Modulating poststroke inflammatory mechanisms: Novel aspects of mesenchymal stem cells, extracellular vesicles and microglia

Figure 1 Signaling pathways describing the process of polarization of the M2 phenotype. Damaged neurons induced by ischemic stroke activate resting microglia by producing damage-associated molecular pattern molecules. M1 phenotype microglia participate in the proinflammatory tissue response, whereas M2 microglia produce antiinflammatory substances. DAMPs: Damage-associated molecular pattern molecules; PPAR: Peroxisome proliferator-activated receptor; CREB: c-AMP response element binding protein; NF-κB: Nuclear factor-κB; YM1: Chitinase-3 Like protein; CD: Cluster of differentiation; STAT: Signal transducer and activator of transcription; ROS: Reactive oxygen species; Arg-1: Arginase-1; TNF: Tumor necrosis factor; iNOS: Inducible nitric oxide synthase; TLR: Toll-like receptor; IGF-1: Insulin-like growth factor-1; IL: Interleukin; IFN: Interferon; FIZZI: Found in inflammatory zone 1; TGF: Transforming growth factors; MAPK: Mitogen-activated protein kinase.

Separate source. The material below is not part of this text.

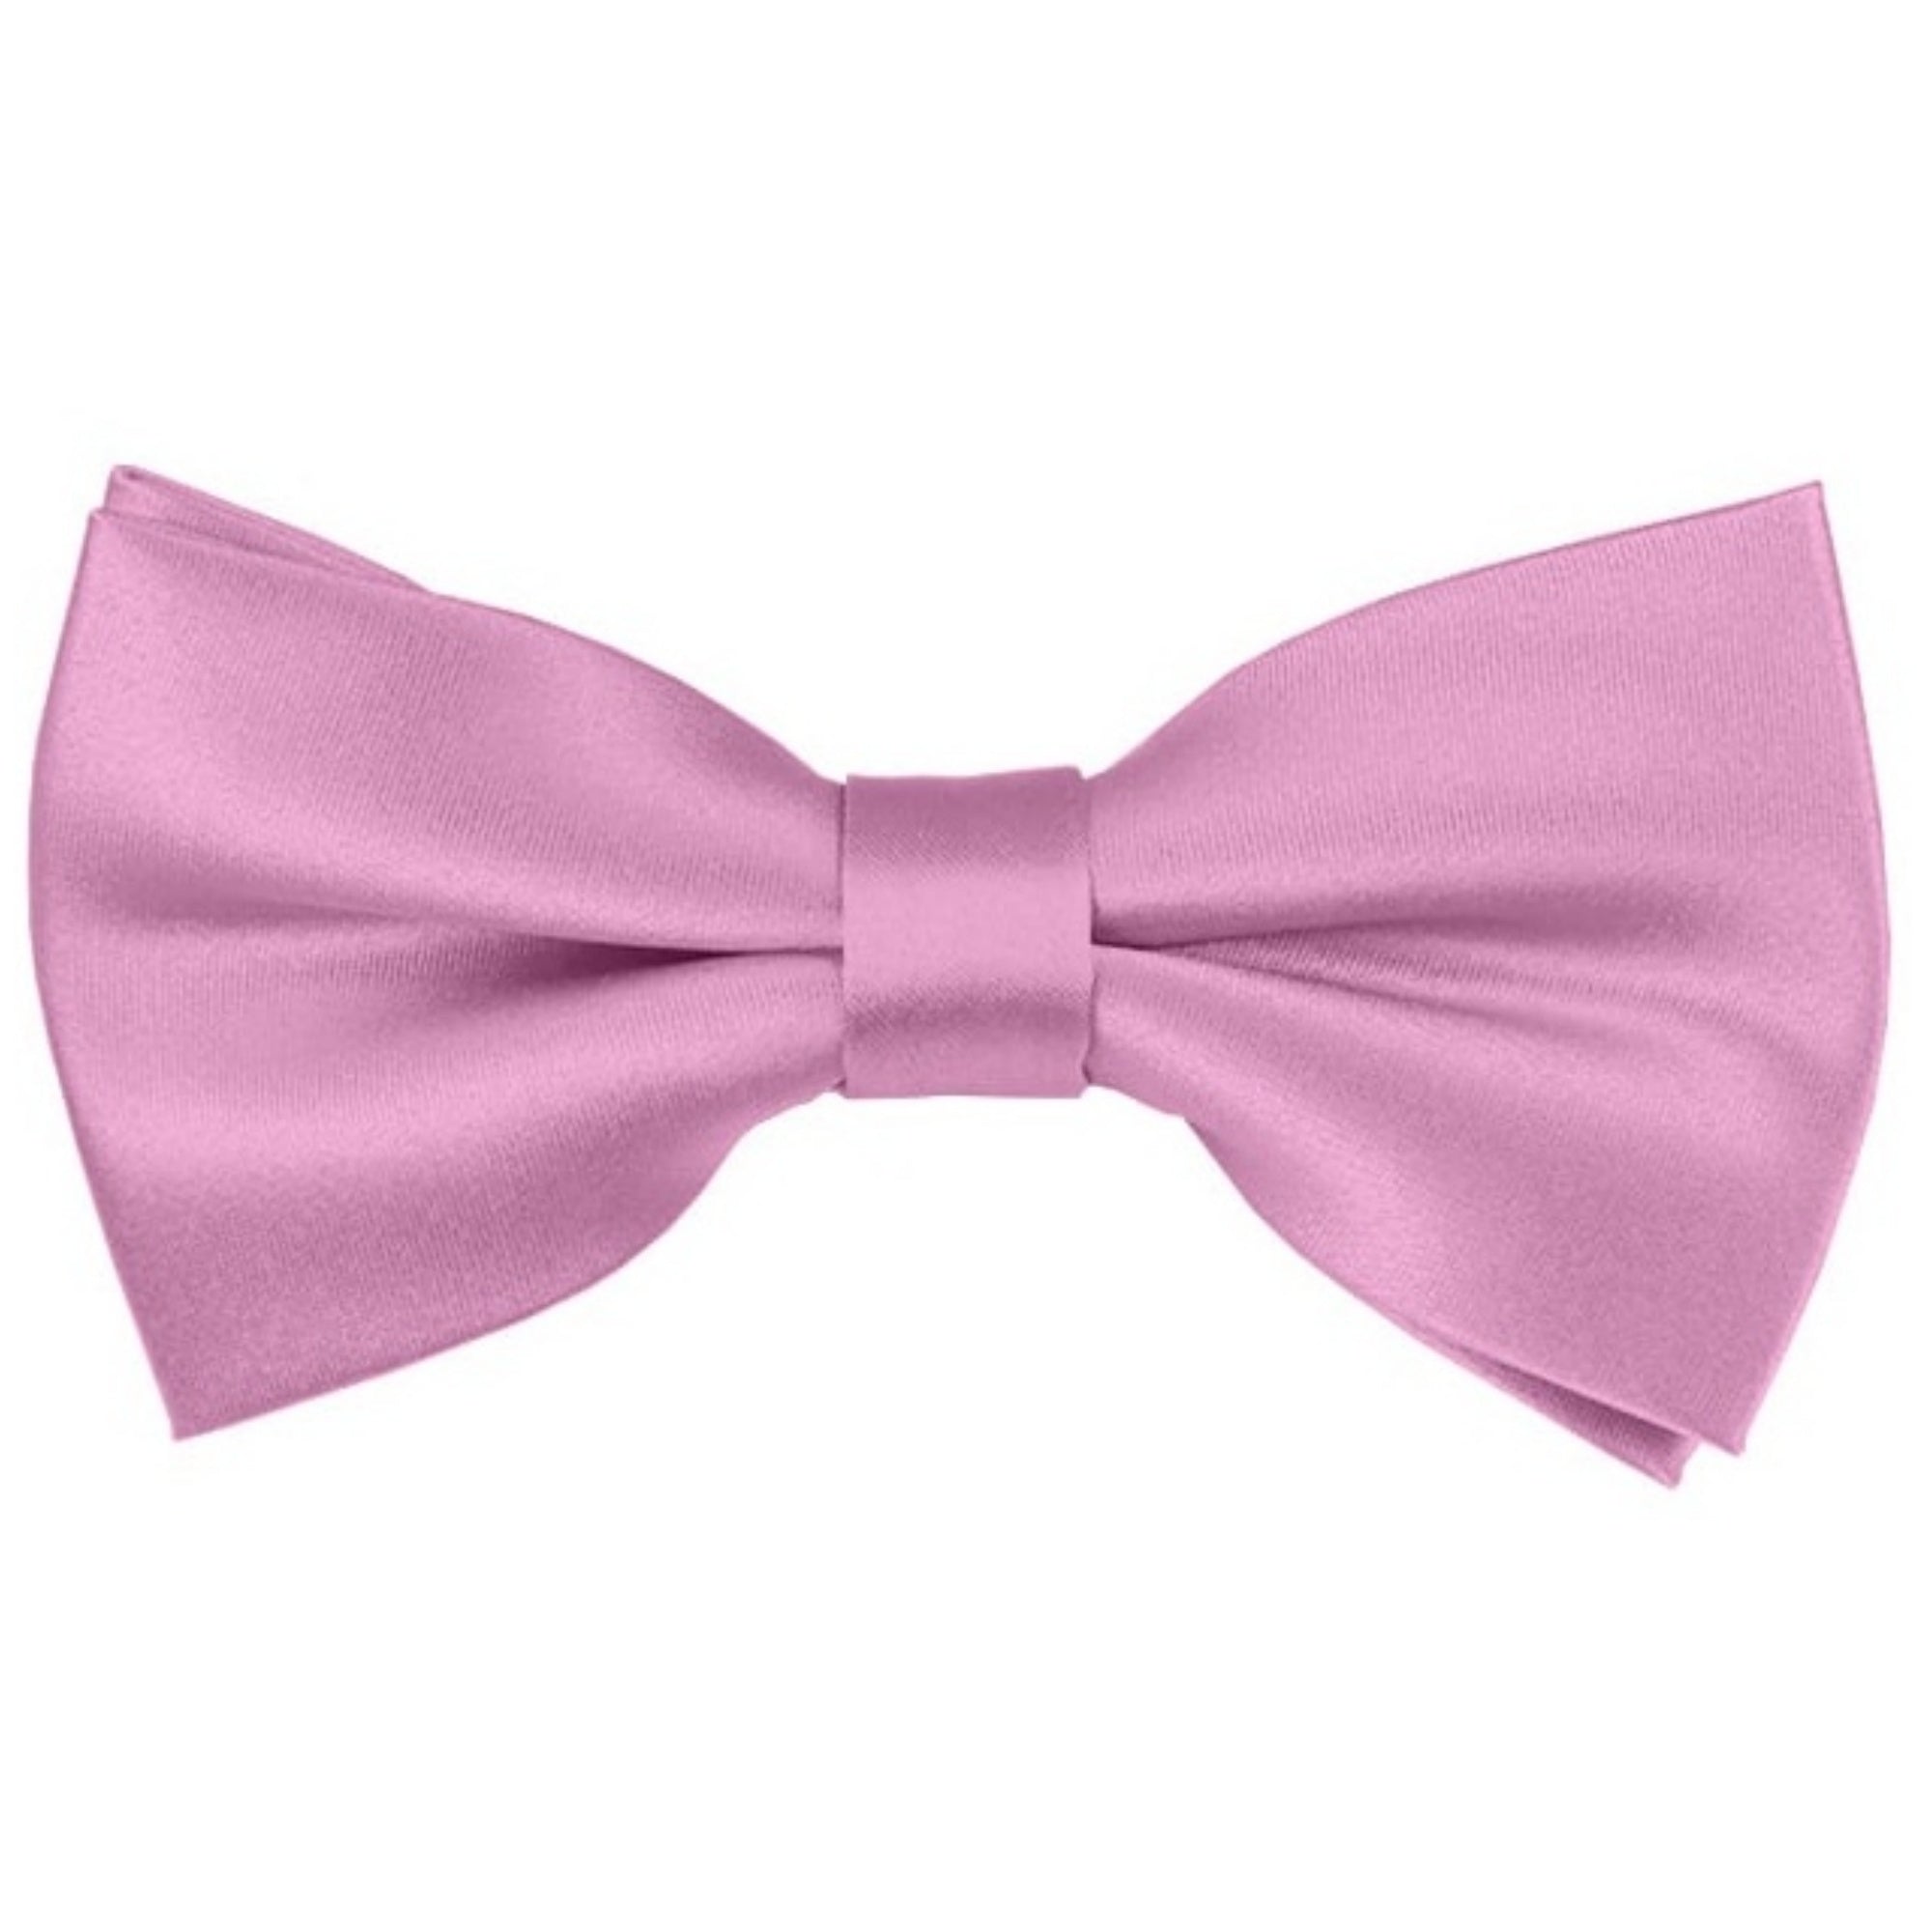 TheDapperTie Men's Solid Color 2.5 W And 4.5 L Inch Pre-Tied adjustable Bow Ties Men's Solid Color Bow Tie TheDapperTie Dusty Pink

Figure 2 An overview as to how mesenchymal stem cells promote neurogenesis and neurological recovery. Mesenchymal stem cells (MSCs) are isolated and identified from various tissue sources. These MSCs produce different angiogenic and neurotrophic factors by paracrine mechanisms in order to act on astrocytes, microglia, oligodendrocytes, and angiogenesis, promoting neurological recovery and neurogenesis. IGF-1: Insulin-like growth factor 1; BDNF: Brain-derived neurotrophic factors; VEGF: Vascular endothelial growth factors; HGF: Hepatocyte growth factor; NAP-2: Neutrophil activating protein 2; PDGF: Platelet-derived growth factor; Ang-1: Angiopoietin-1; MSC: Mesenchymal stem cell.